Effect of granulocyte-macrophage colony-stimulating factor on superoxide production in cytoplasts and intact human neutrophils: role of protein kinase and G-proteins.

Granulocyte-macrophage colony-stimulating factor, GM-CSF, potentiates superoxide generation produced by human neutrophils stimulated with fMet-Leu-Phe and platelet-activating factor, PAF, but not by phorbol 12-myristate 13-acetate (PMA) or opsonized zymosan. The potentiation is greatest in fMet-Leu-Phe-stimulated cells. This indicates that the actions of only certain receptors are potentiated by GM-CSF. Incubation of the cells with the protein kinase inhibitor H-7 or with the protein synthesis inhibitor cyclohexamide before the addition of GM-CSF does not affect the observed potentiation. The rationales behind these studies are to examine the roles of protein kinase C and protein synthesis in the action of GM-CSF. The data suggest that neither protein kinase C nor protein synthesis is necessary for GM-CSF action. On the other hand, no potentiation can be seen in the presence of cytochalasin B. Unlike intact cells, GM-CSF does not enhance superoxide production by cytoplasts stimulated with fMet-Leu-Phe. The rationale behind the use of cytoplasts is to examine the role of granules and/or nucleus in GM-CSF action, and the data indicate that one or more of these two components is necessary for the priming effect of GM-CSF. The amount of actin associated with the cytoskeleton under control of fMet-Leu-Phe-stimulated condition is the same in normal and GM-CSF-treated human neutrophils. Botulinum D toxin ADP-ribosylates a protein with a molecular weight of 22 kDa.

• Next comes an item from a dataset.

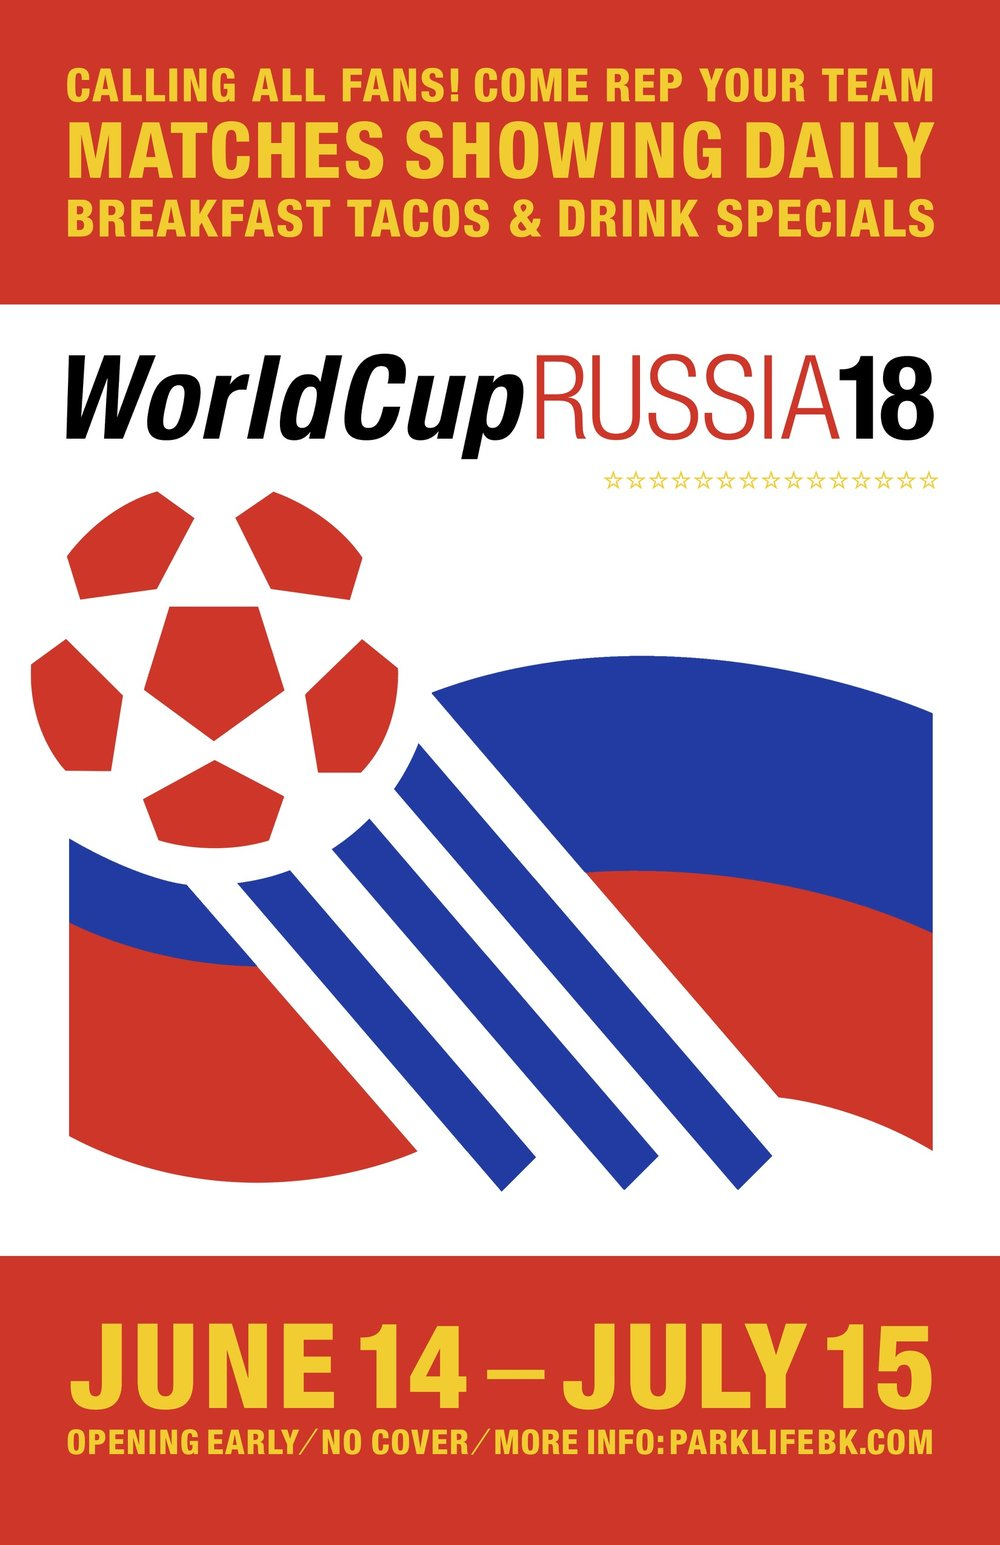 WORLD CUP 18 PARKLIFE-2.jpg

This ribosylation is reduced in homogenates obtained from cells pretreated with botulinum D toxin or GM-CSF. Botulinum D toxin does not affect the basal or the fMet-Leu-Phe-induced rise in the intracellular concentration of free calcium in human neutrophils. GM-CSF also increases the rise in intracellular concentration of free calcium in human neutrophils stimulated with PAF or fMet-Leu-Phe. The increases are inhibited by pertussis toxin. Several important conclusion can be drawn from these data. 1) GM-CSF potentiates the rise in Ca2+i produced by PAF and fMet-Leu-Phe, and these potentiations are inhibited in pertussis-toxin-treated cells. 2) GM-CSF does not prime cytoplasts to stimulation by fMet-Leu-Phe. This suggests that the granules and/or nucleus are necessary for the priming action. 3) The priming by GM-CSF is not mediated by the H-7-sensitive protein kinase C, botulinum D-sensitive G-protein, or protein synthesis.